▶ _Brief_: Begin the copy at the line containing "2700Lon acciaio aghi" in the data below and end it at the line containing "Le prince George, avec", keeping each line exact and leaving out pictures.

== Task data

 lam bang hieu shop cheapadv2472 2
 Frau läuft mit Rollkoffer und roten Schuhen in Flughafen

====
== Task data

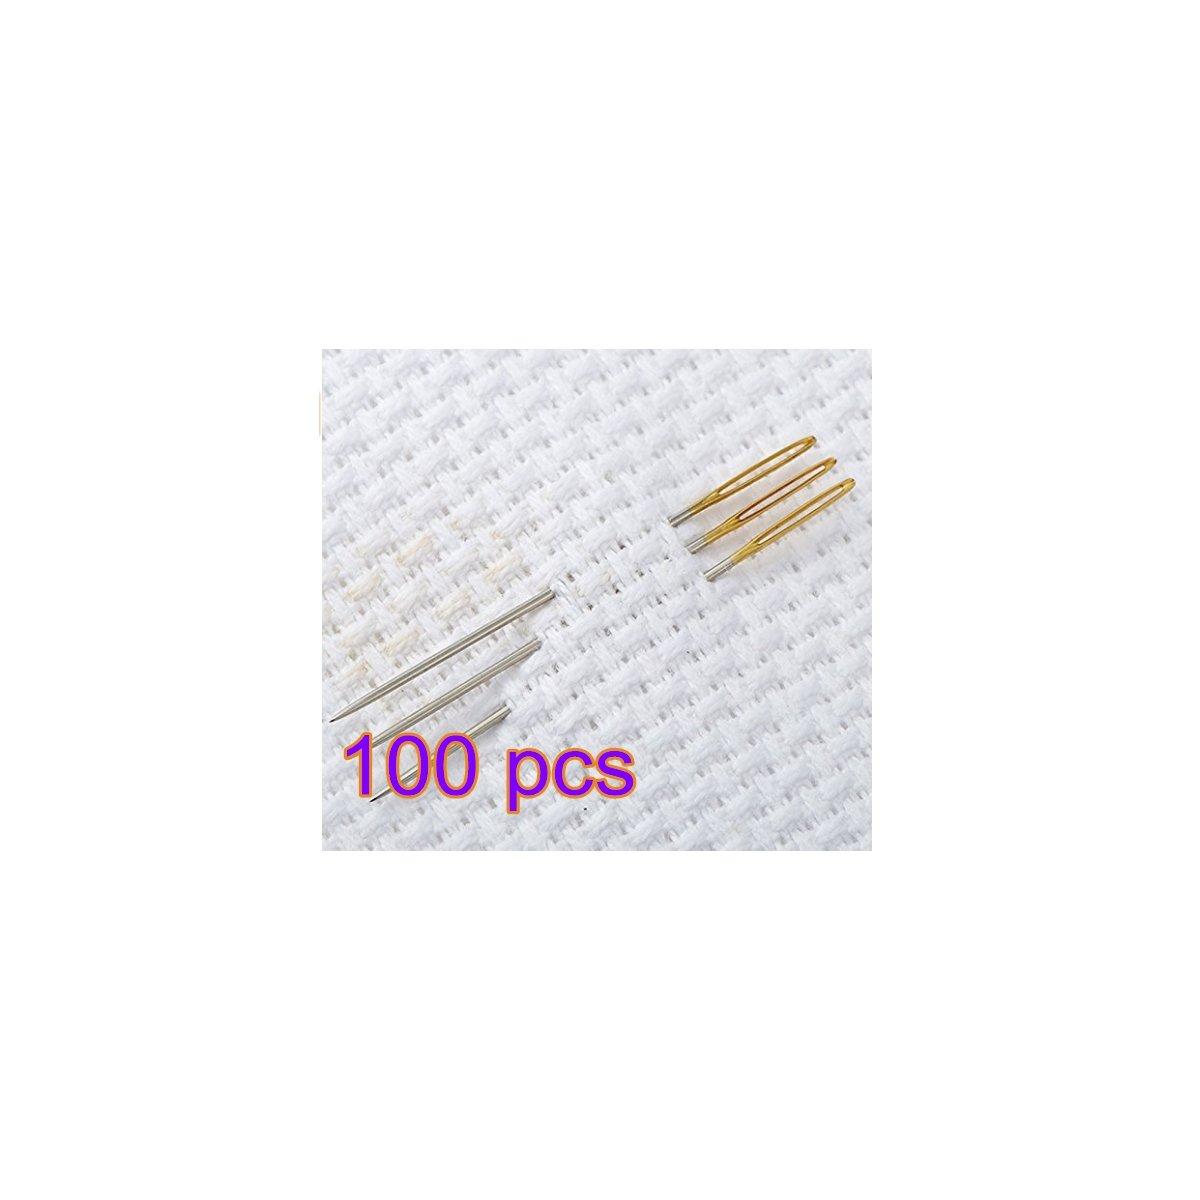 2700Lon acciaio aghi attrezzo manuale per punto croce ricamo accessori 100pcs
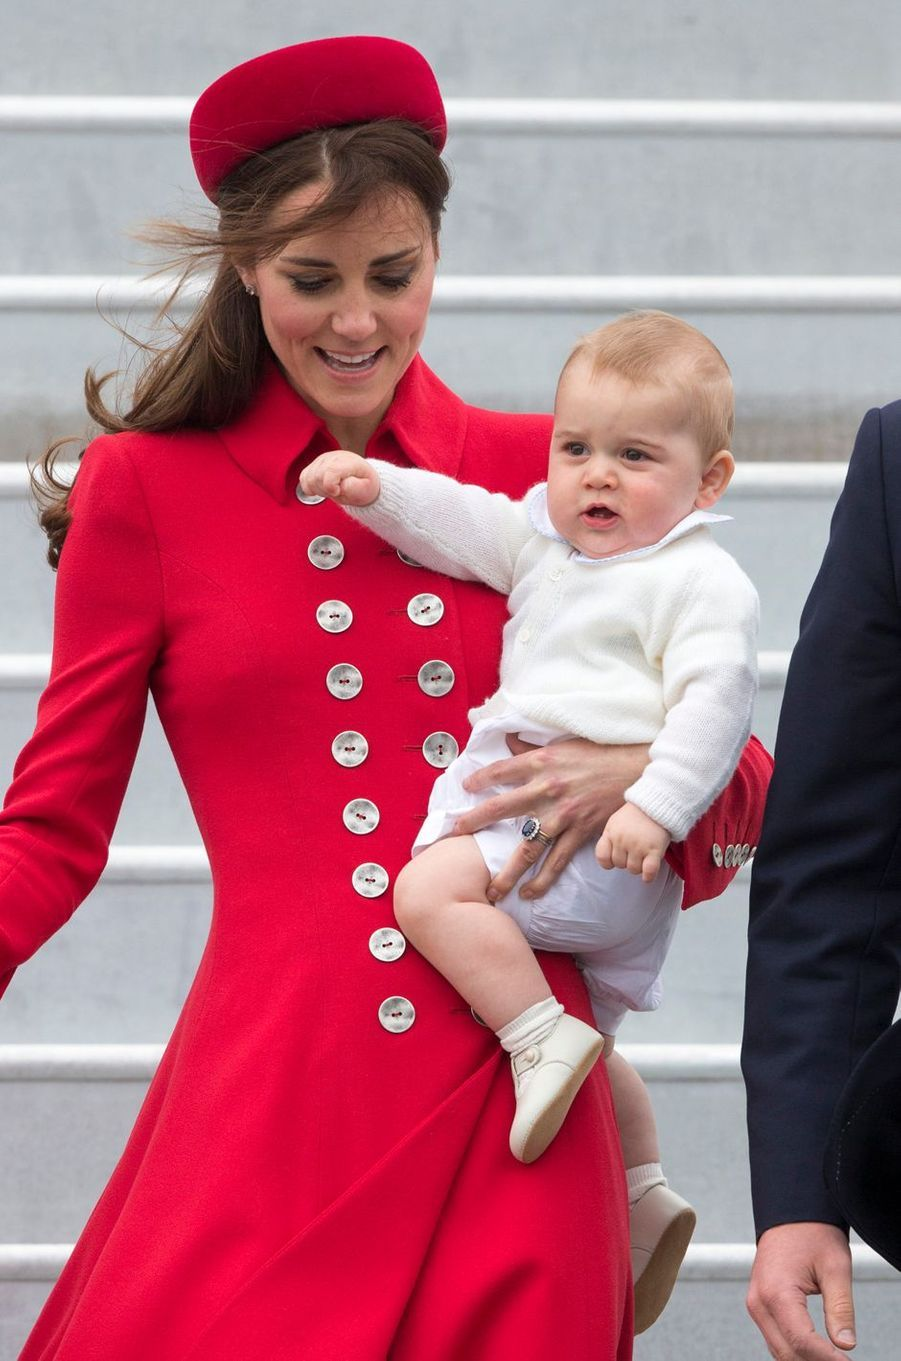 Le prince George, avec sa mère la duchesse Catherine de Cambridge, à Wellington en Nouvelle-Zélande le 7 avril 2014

====

▶ _The answer_:
 2700Lon acciaio aghi attrezzo manuale per punto croce ricamo accessori 100pcs
 Le prince George, avec sa mère la duchesse Catherine de Cambridge, à Wellington en Nouvelle-Zélande le 7 avril 2014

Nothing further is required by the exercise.